How are servo motors used in CNC machines and other precision machining equipment?

Servo motors play a crucial role in CNC (Computer Numerical Control) machines and other precision machining equipment. They provide precise and dynamic control over the movement of various axes, enabling high-accuracy positioning, rapid speed changes, and smooth motion profiles. Here’s a detailed explanation of how servo motors are used in CNC machines and precision machining equipment:

1. Axis Control:

CNC machines typically have multiple axes, such as X, Y, and Z for linear movements, as well as rotary axes for rotational movements. Servo motors are employed to drive each axis, converting electrical signals from the CNC controller into mechanical motion. The position, velocity, and acceleration of the servo motors are precisely controlled to achieve accurate and repeatable positioning of the machine’s tool or workpiece.

2. Feedback and Closed-Loop Control:

Servo motors in CNC machines are equipped with feedback devices, such as encoders or resolvers, to provide real-time information about the motor’s actual position. This feedback is used in a closed-loop control system, where the CNC controller continuously compares the desired position with the actual position and adjusts the motor’s control signals accordingly. This closed-loop control ensures accurate positioning and compensates for any errors, such as mechanical backlash or load variations.

3. Rapid and Precise Speed Changes:

Servo motors offer excellent dynamic response, allowing CNC machines to achieve rapid and precise speed changes during machining operations. By adjusting the control signals to the servo motors, the CNC controller can smoothly accelerate or decelerate the machine’s axes, resulting in efficient machining processes and reduced cycle times.

4. Contouring and Path Tracing:

CNC machines often perform complex machining tasks, such as contouring or following intricate paths. Servo motors enable precise path tracing by accurately controlling the position and velocity of the machine’s tool along the programmed path. This capability is crucial for producing intricate shapes, smooth curves, and intricate details with high precision.

5. Spindle Control:

In addition to axis control, servo motors are also used to control the spindle in CNC machines. The spindle motor, typically a servo motor, rotates the cutting tool or workpiece at the desired speed. Servo control ensures precise speed and torque control, allowing for optimal cutting conditions and surface finish quality.

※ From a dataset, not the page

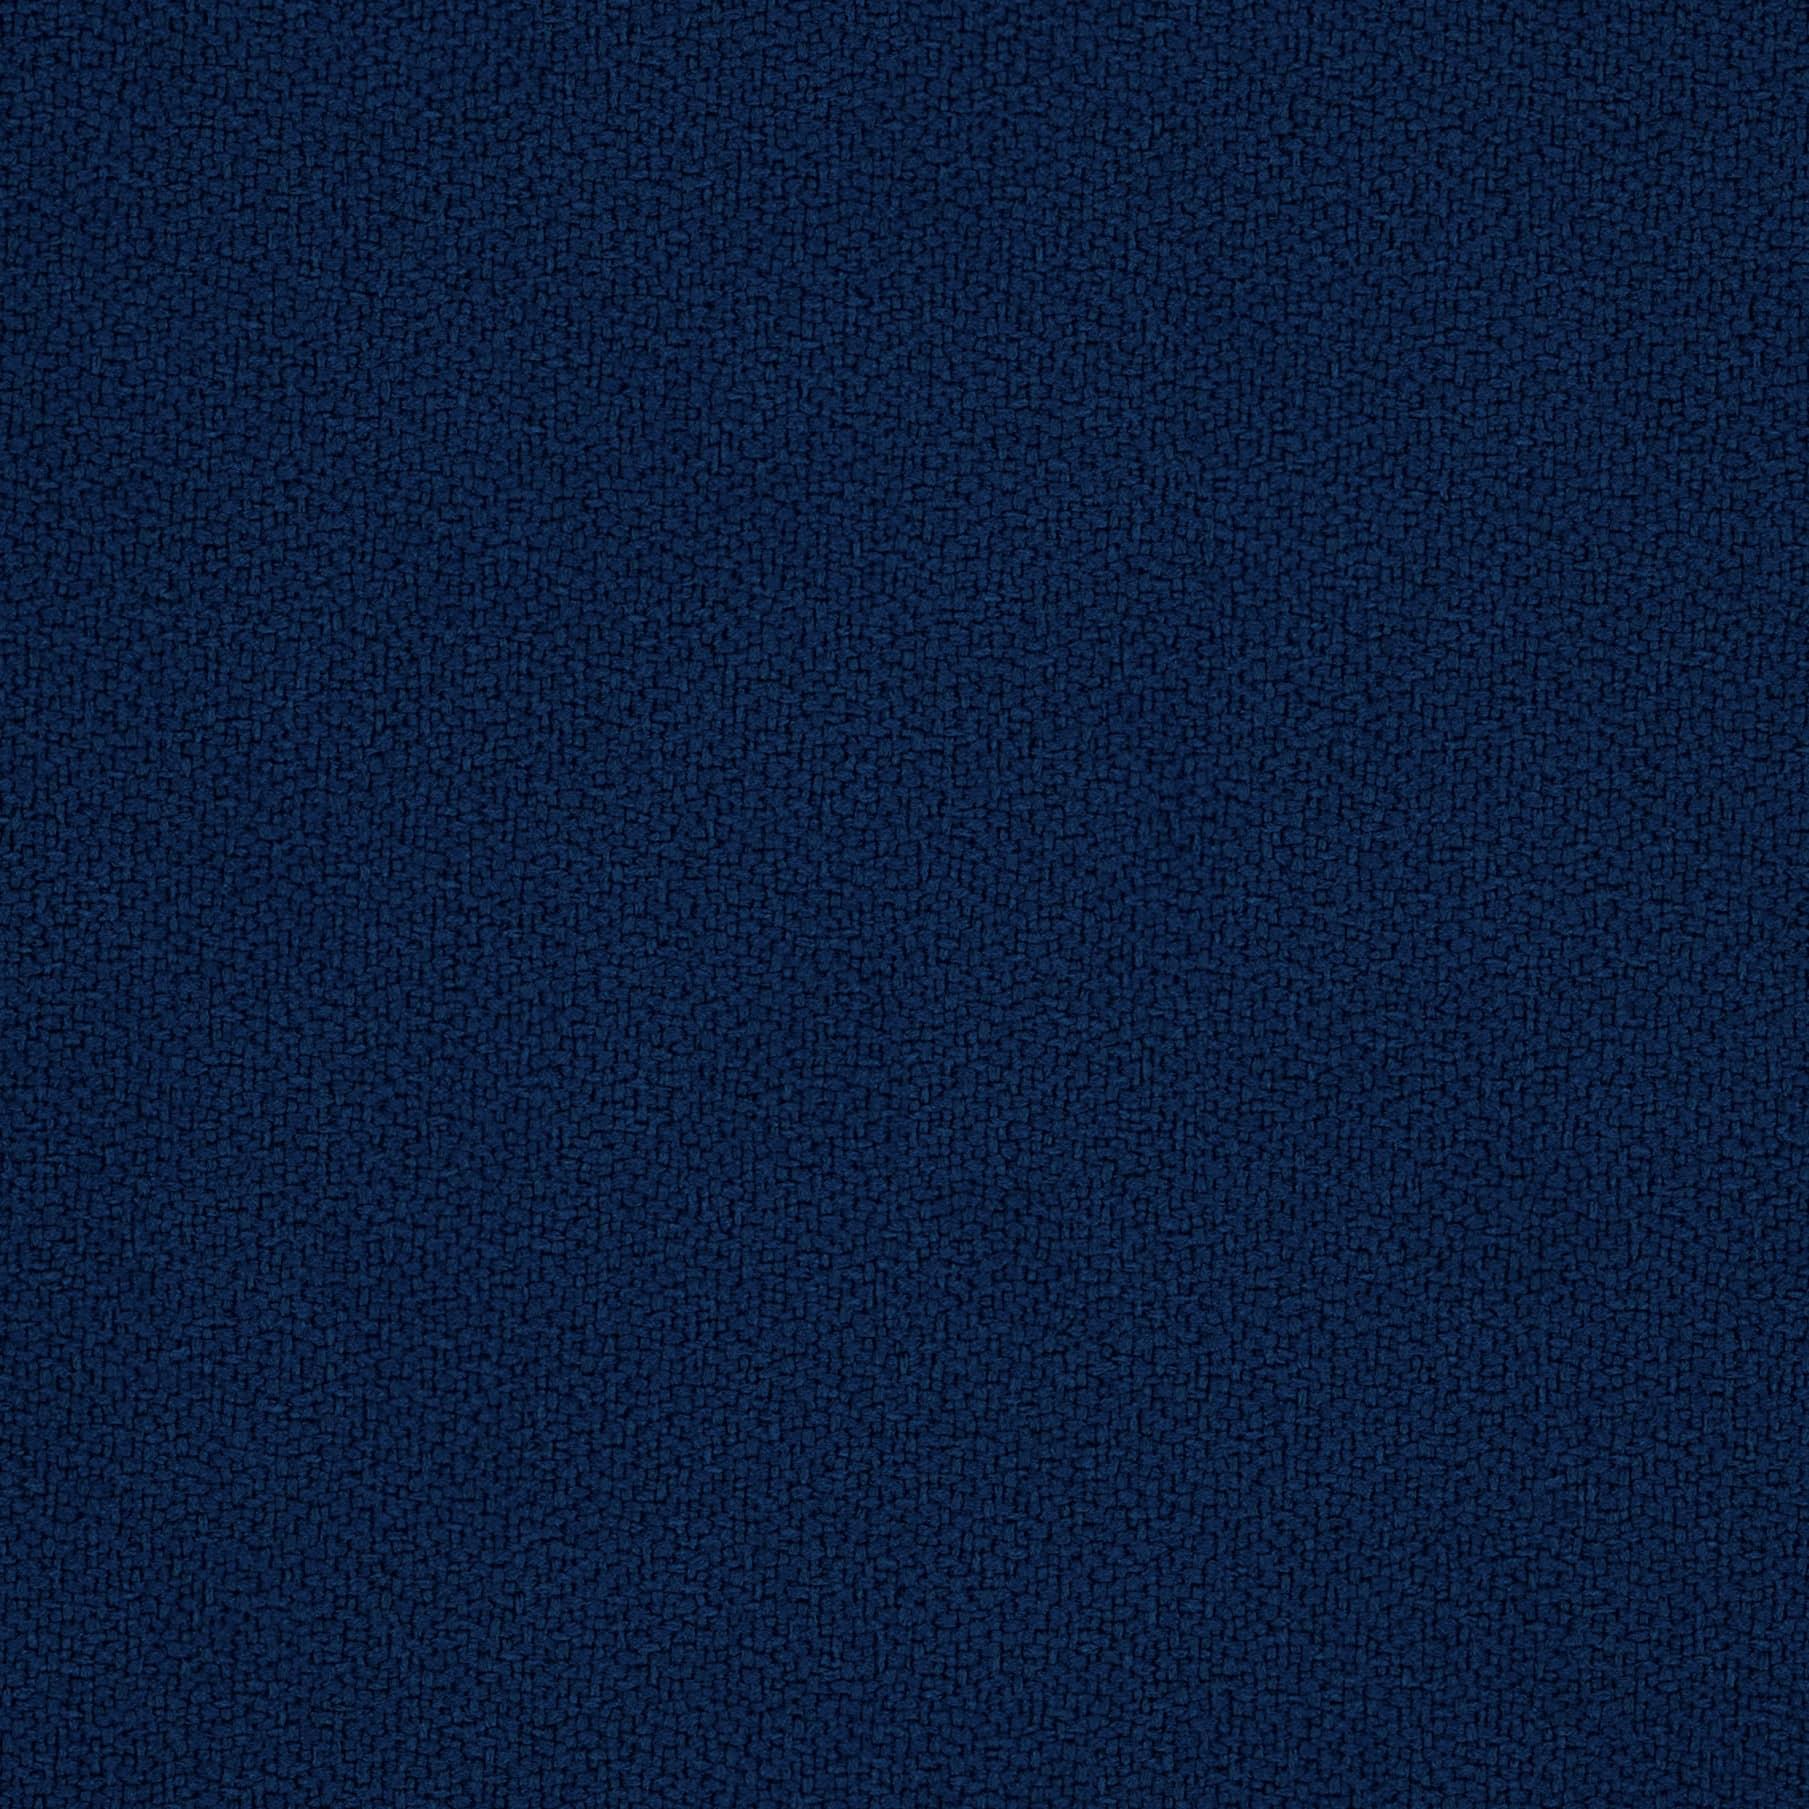 Phoenix Blau

6. Tool Changers and Automatic Tool Compensation:

CNC machines often feature automatic tool changers to switch between different cutting tools during machining operations. Servo motors are utilized to precisely position the tool changer mechanism, enabling quick and accurate tool changes. Additionally, servo motors can be used for automatic tool compensation, adjusting the tool’s position or orientation to compensate for wear, tool length variations, or tool offsets.

7. Synchronized Motion and Multi-Axis Coordination:

Servo motors enable synchronized motion and coordination between multiple axes in CNC machines. By precisely controlling the servo motors on different axes, complex machining operations involving simultaneous movements can be achieved. This capability is vital for tasks such as 3D contouring, thread cutting, and multi-axis machining.

In summary, servo motors are integral components of CNC machines and precision machining equipment. They provide accurate and dynamic control over the machine’s axes, enabling high-precision positioning, rapid speed changes, contouring, spindle control, tool changers, and multi-axis coordination. The combination of servo motor technology and CNC control systems allows for precise, efficient, and versatile machining operations in various industries.

servo motor

What factors should be considered when selecting a servo motor for a specific application?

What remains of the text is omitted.